WHAT YOU ARE ASKED TO DO
Start at the first line below and write out everything verbatim except the pictures.

INFORMATION PROVIDED
--------------------------------

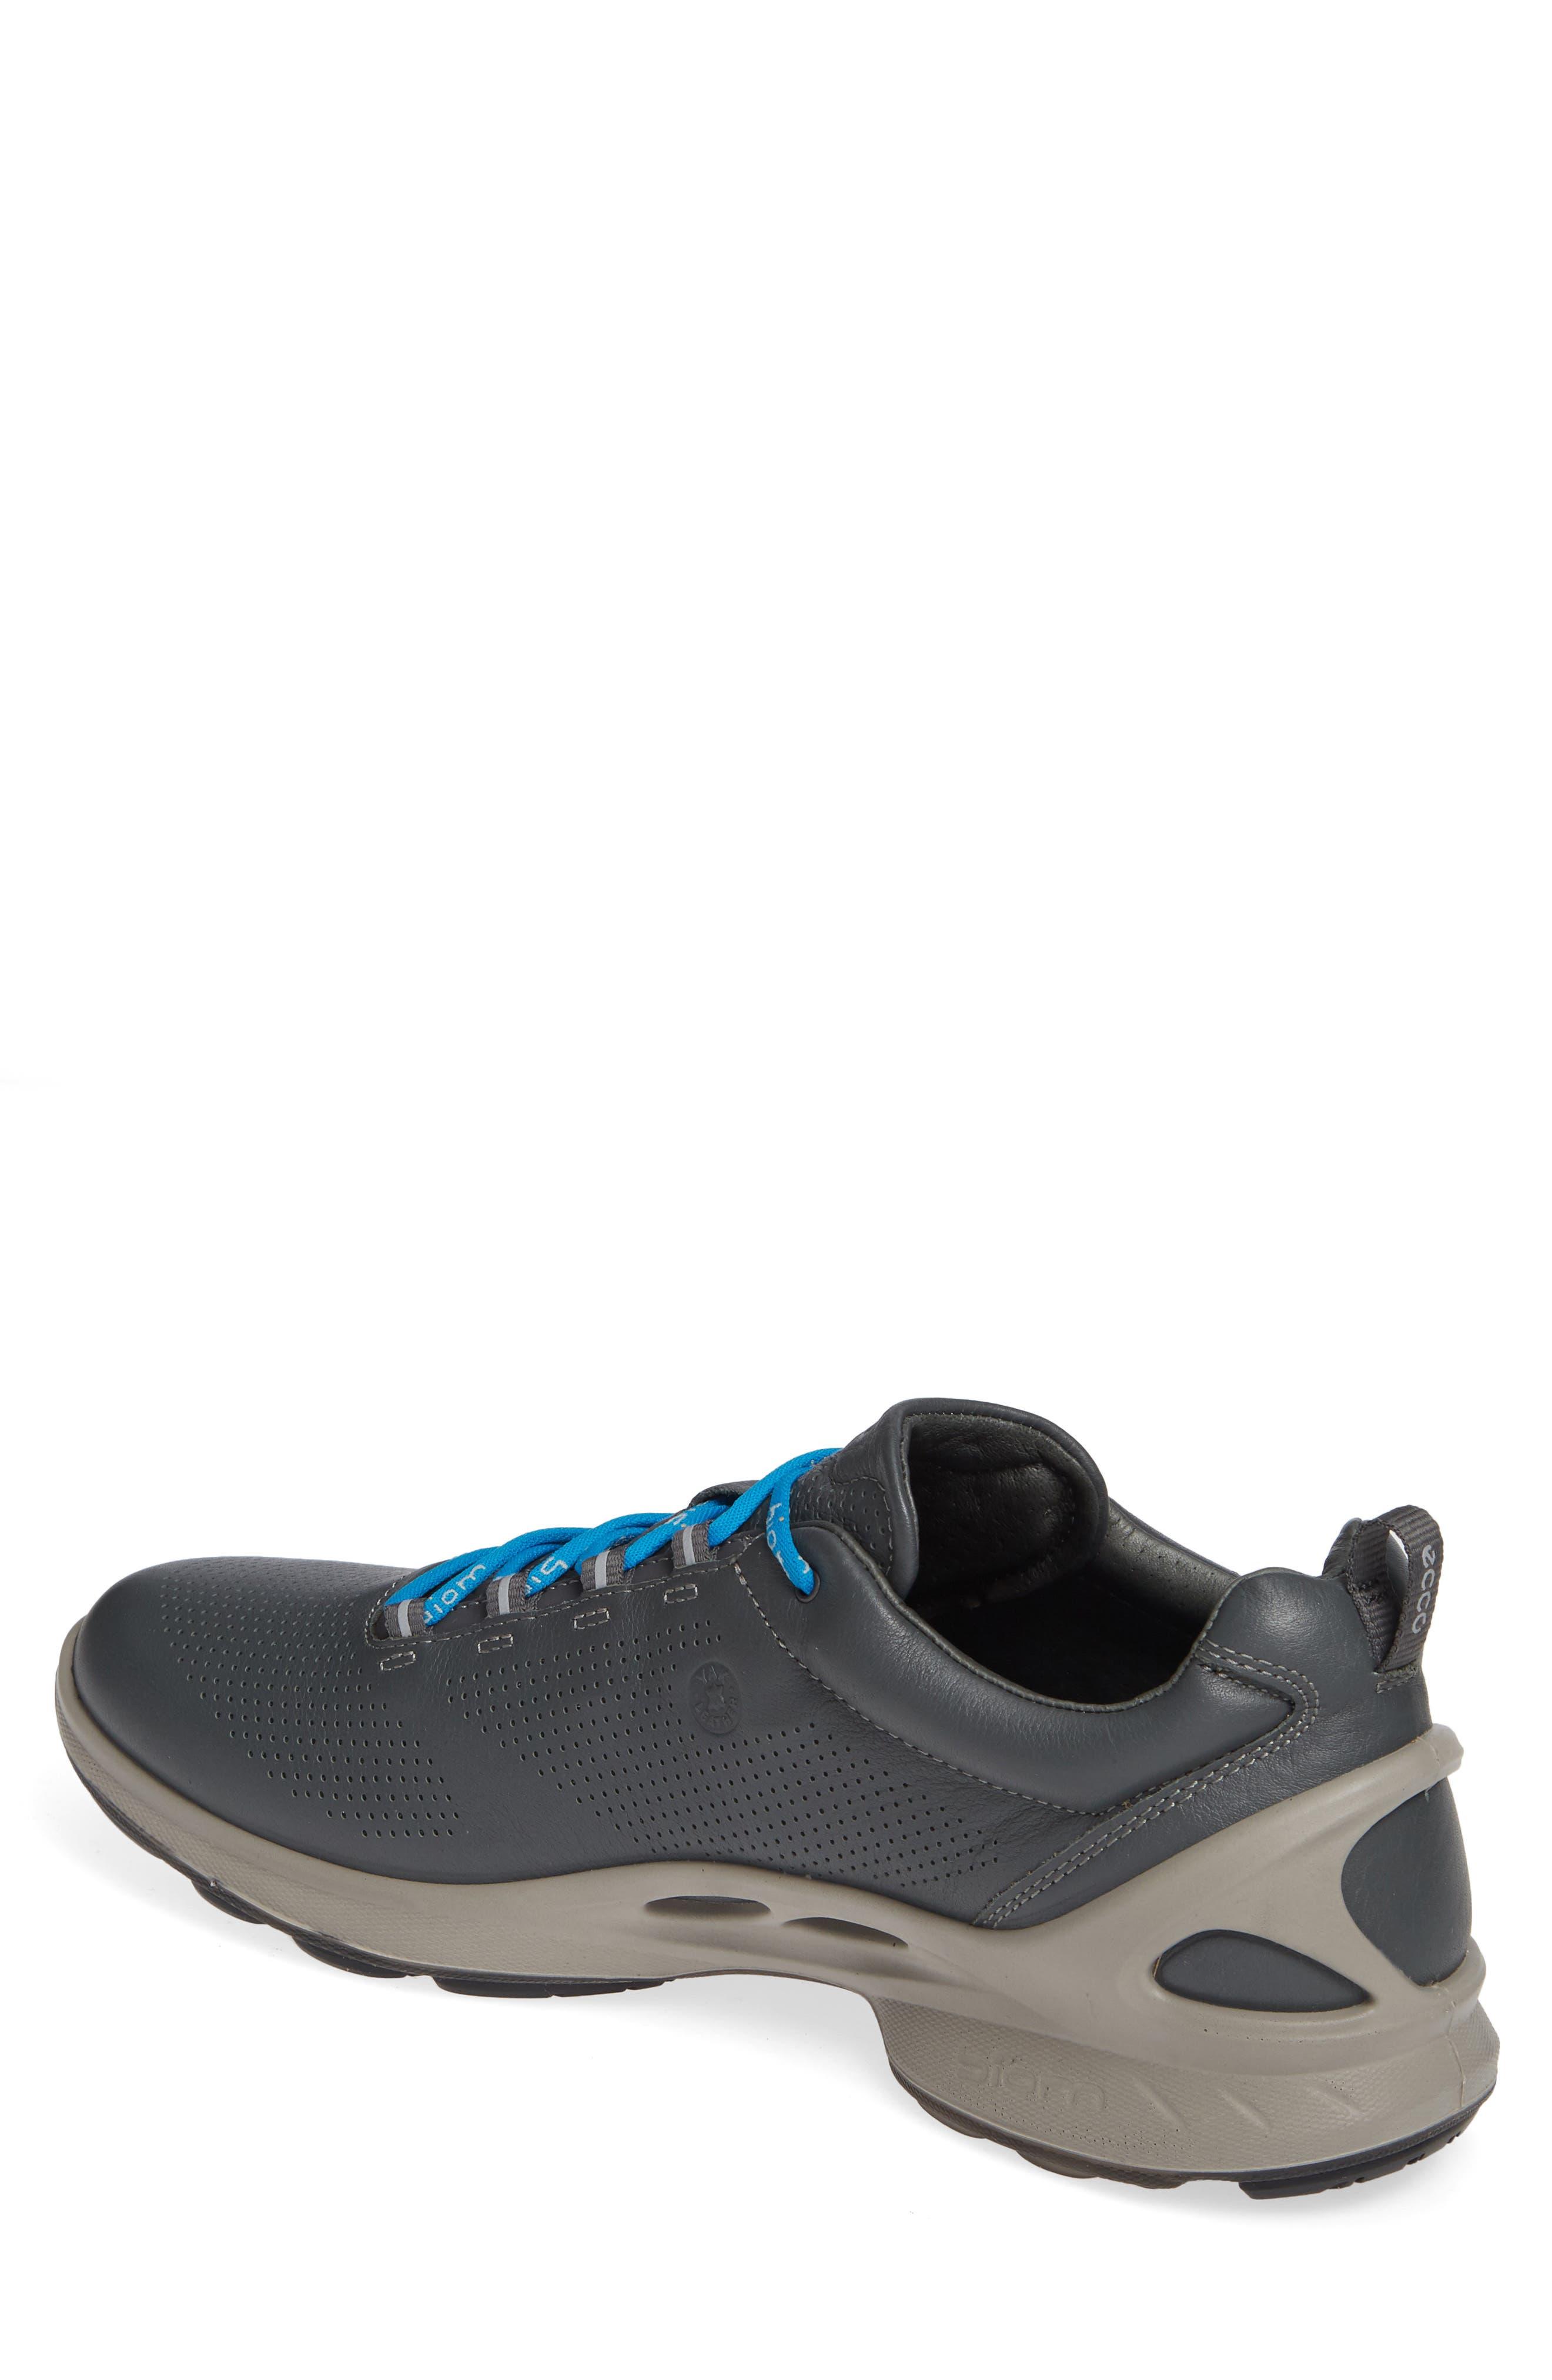 ECCO, 'BIOM Fjuel' Sneaker, Alternate thumbnail 2, color, DARK SHADOW LEATHER
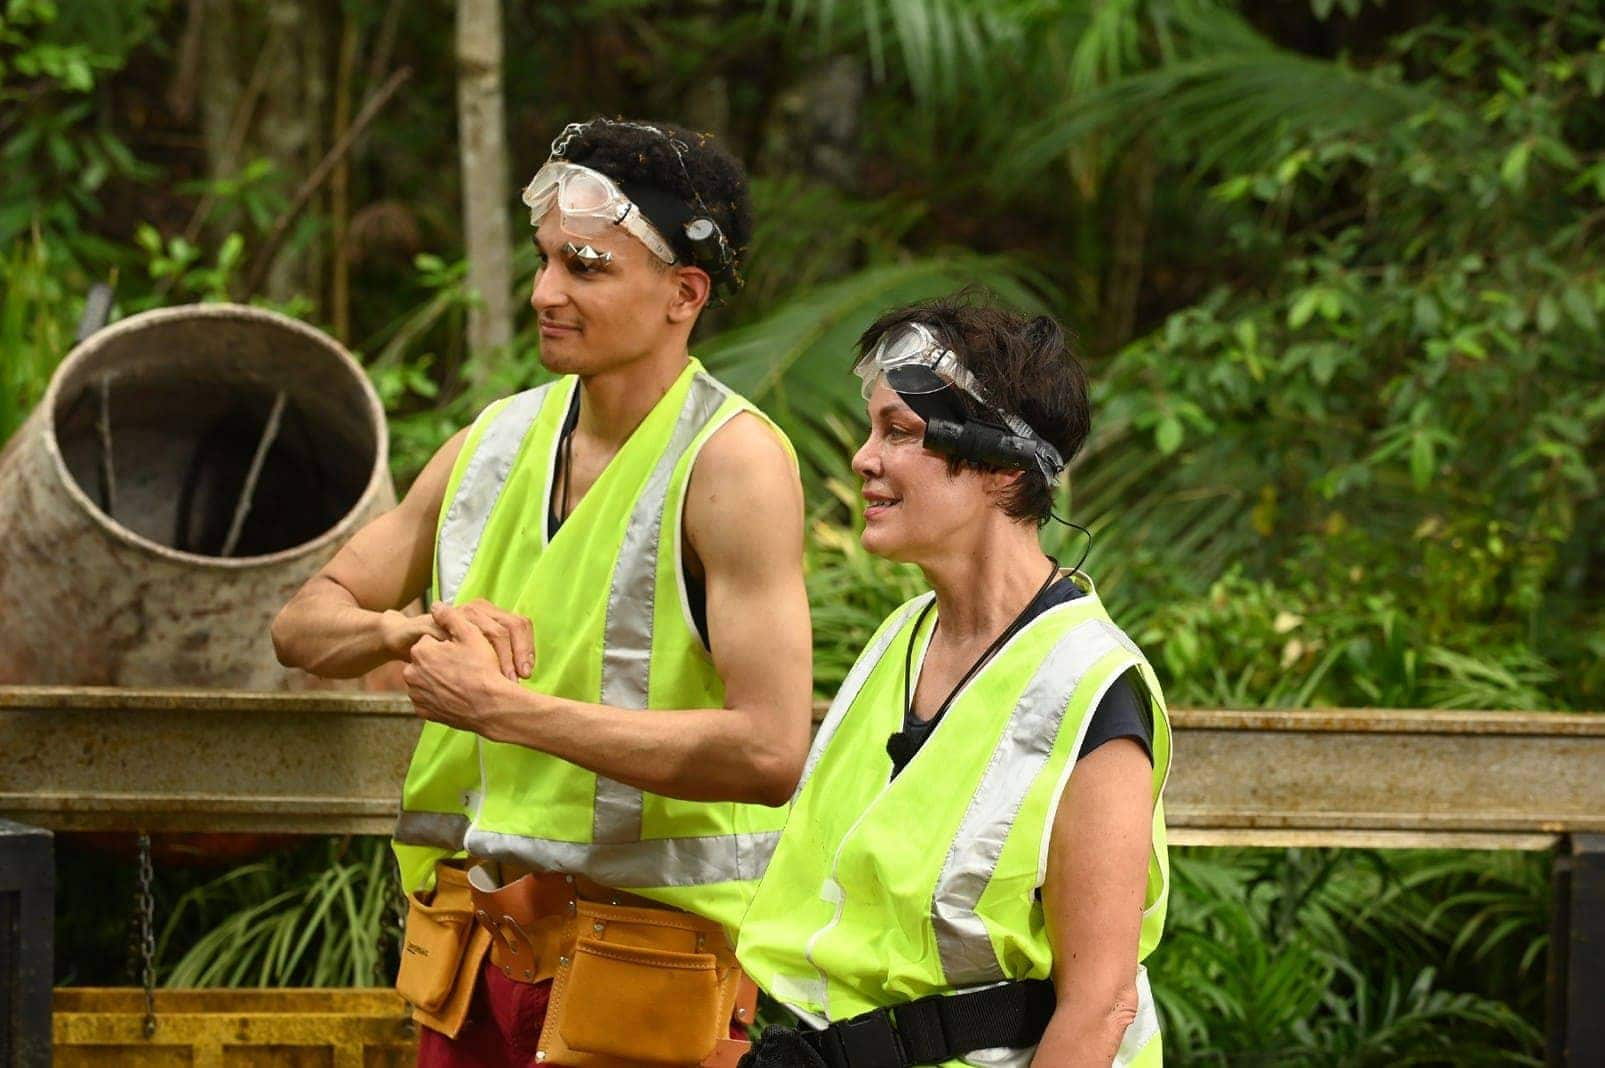 Dschungelcamp 2020 Tag 10 Dschungelprüfung Prince Damien Sonja Kirchberger
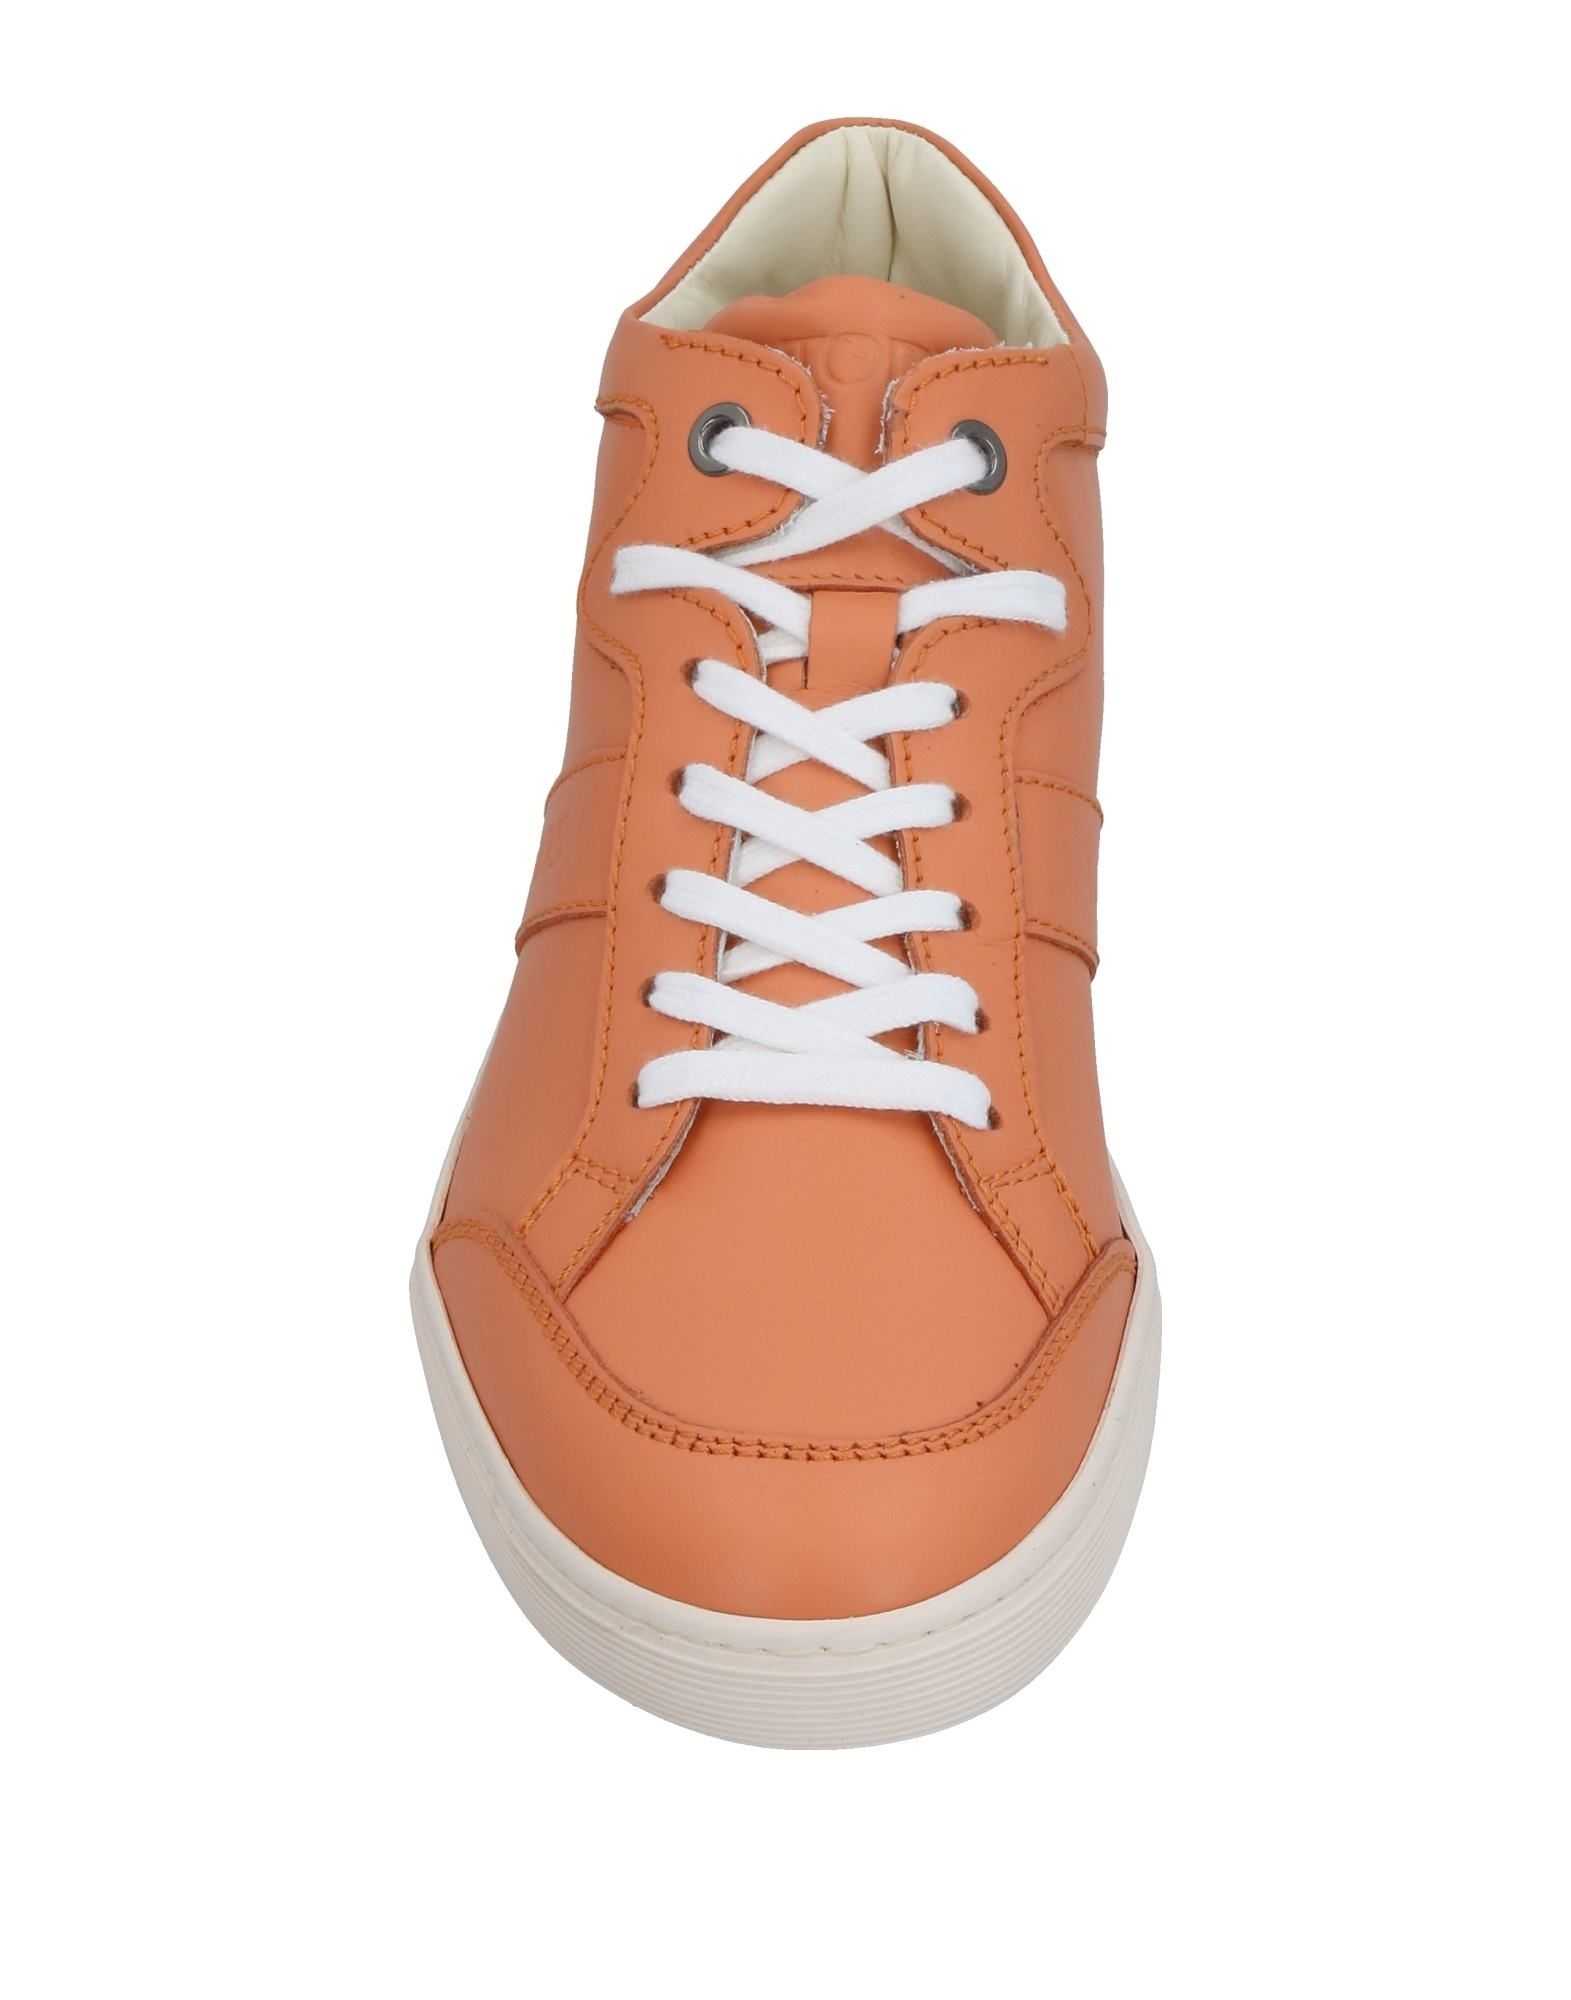 f2fc8236b1f TOD'S ΠΑΠΟΥΤΣΙΑ Παπούτσια τένις χαμηλά, Γυναικεία παπούτσια τέννις, ΓΥΝΑΙΚΑ  | ΠΑΠΟΥΤΣΙΑ | ΤΕΝΝΙΣ

--------------------------------

ANSWER FOR THIS EXERCISE
 ECCO, 'BIOM Fjuel' Sneaker, Alternate thumbnail 2, color, DARK SHADOW LEATHER
 Dschungelcamp 2020 Tag 10 Dschungelprüfung Prince Damien Sonja Kirchberger
 f2fc8236b1f TOD'S ΠΑΠΟΥΤΣΙΑ Παπούτσια τένις χαμηλά, Γυναικεία παπούτσια τέννις, ΓΥΝΑΙΚΑ  | ΠΑΠΟΥΤΣΙΑ | ΤΕΝΝΙΣ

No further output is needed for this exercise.